Побыв в туалете, он моет руки, умывает лицо и вытирается полотенцем. Память вновь застигла его врасплох, как бывало всегда. Они собирались запастись едой и провести день на пляже. Но не хотели выпускать друг друга из постели. Время замерло. Между ними бывали серьёзные и торжественные минуты, но гораздо больше времени они проводили, смеясь и страшно потея. Эти искажающие оконные стёкла действовали как увеличительные и нагревали воздух настолько, что их тела сплошь покрывались потом и даже скользили друг по другу со звуком. Запах пота был невыносимым. Он оделся в голубую хлопчатобумажную майку и босиком пошёл открывать дверь. Он мог бы догадаться, что это Сьюзан, по звуку, с которым поднимались по лестнице, но его мысли были слишком далеки от неё. За дверью, в ослепительном отблеске солнца на жёлтой стене, стояла она, толстая кособокая коротышка. Он так удивился, что даже не задался вопросом, как она их нашла.
— Как у тебя дела? — спросила она.
Он смотрел на неё сквозь сетку от насекомых, которая была натянута снаружи дверного проёма. — Всё хорошо.
Он почувствовал изумление в своём голосе.
— Что-нибудь случилось?
Казалось, он не мог сдвинуться с места, словно прилип к грязному кухонному линолеуму. В квартиру Риты можно было войти только через кухню.
— Как там мама?
— Волнуется, — сказал она. — Не знает, что с тобой происходит. Я бы не приехала вот так, внезапно, но, похоже, у тебя нет телефона.
— Телефон стоит денег, — сказал он, — которых у меня нет.
— Оливер, — сердито сказала она. — Прошло уже три года.
Она имела в виду три года с тех пор, как похоронили отца. В пятьдесят первом. Ноябрь. Дождь. Тогда в тёмном доме на Деодар-стрит лицо матери было бледным и скованным, она скованно говорила и скованно двигалась, стараясь не терять самообладания. Она потеряла его после церемонии в церкви, когда они сидели в чёрном лимузине и ехали вслед за чёрным глянцевым катафалком на кладбище, потеряла его в потоке горьких слёз и упрёков, который пыталась унять Сьюзан. Сьюзан взялась за него чуть позже — когда они стояли под мрачными кронами старых кладбищенских деревьев. С ветвей им на головы падали холодные капли. Гроб опускали в могилу. Сьюзан озлобленно бормотала, вперив глаза в молитвенник — зачем он вообще пришёл на похороны? Почему он так ни разу и не поговорил со своим отцом за десять долгих лет, даже не попытался? Каким надо был» лицемером? — Он был не прав, — промямлил Джуит.
Гроб слегка накренился. Его мрачный остов оловянного цвета с тихим всплеском опустился на дно могилы, в которой уже успела скопиться дождевая вода.
— Он выгнал меня.
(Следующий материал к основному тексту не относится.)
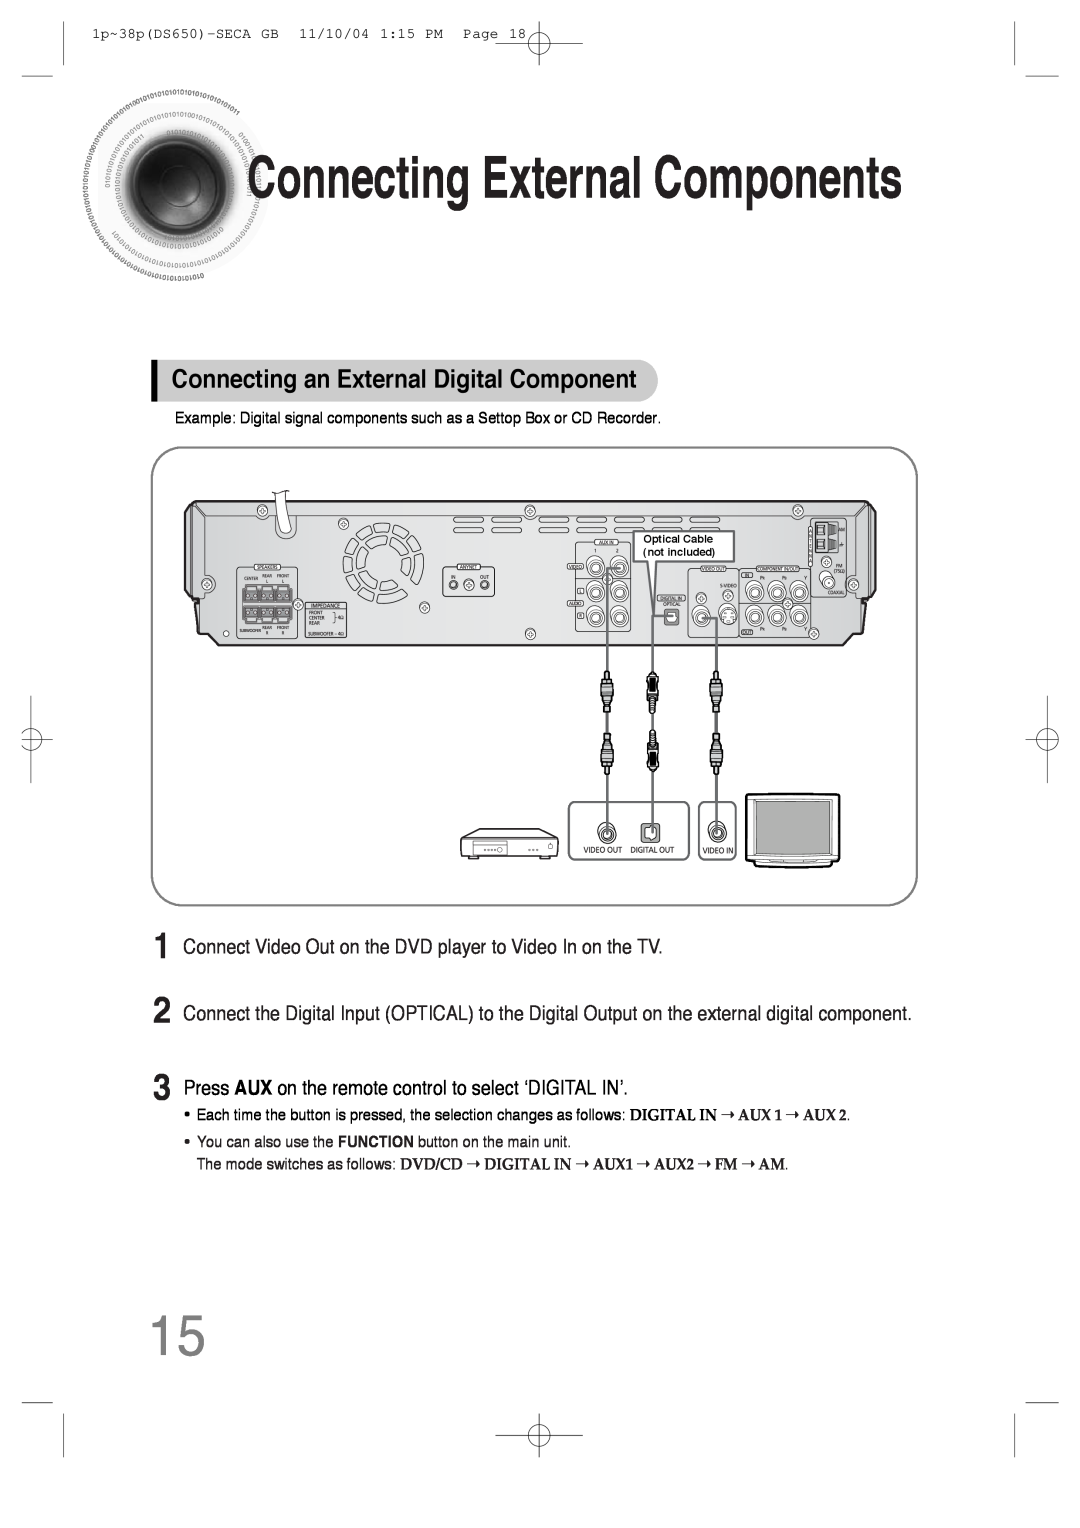 Samsung HT-DS650 instruction manual Connecting an External Digital Component, ConnectingExternal Components

И обратно не звал.
Услышав «… и в пыль же обратится», Джуит наклонился, поднял пригоршню сырой земли и бросил её на крышку гроба. Он обернулся к ней. Она смотрела на него каменным взглядом, раздувая ноздри.
Счищая глину с пальцев, он ей сказал:
— Я всегда хотел, чтобы он был мной доволен. Мне хотелось этого, как ничего другого. Когда я порвал с ним, это казалось мне концом. Скажи, говорил ли он, что хочет моего возвращения? Хоть когда-нибудь?
— Говорить было незачем. — резко сказала она. — Во всяком случае мне. Оливер, ты когда-нибудь думал о ком-то, кроме себя? Ты вообще можешь себе представить чувства другого человека?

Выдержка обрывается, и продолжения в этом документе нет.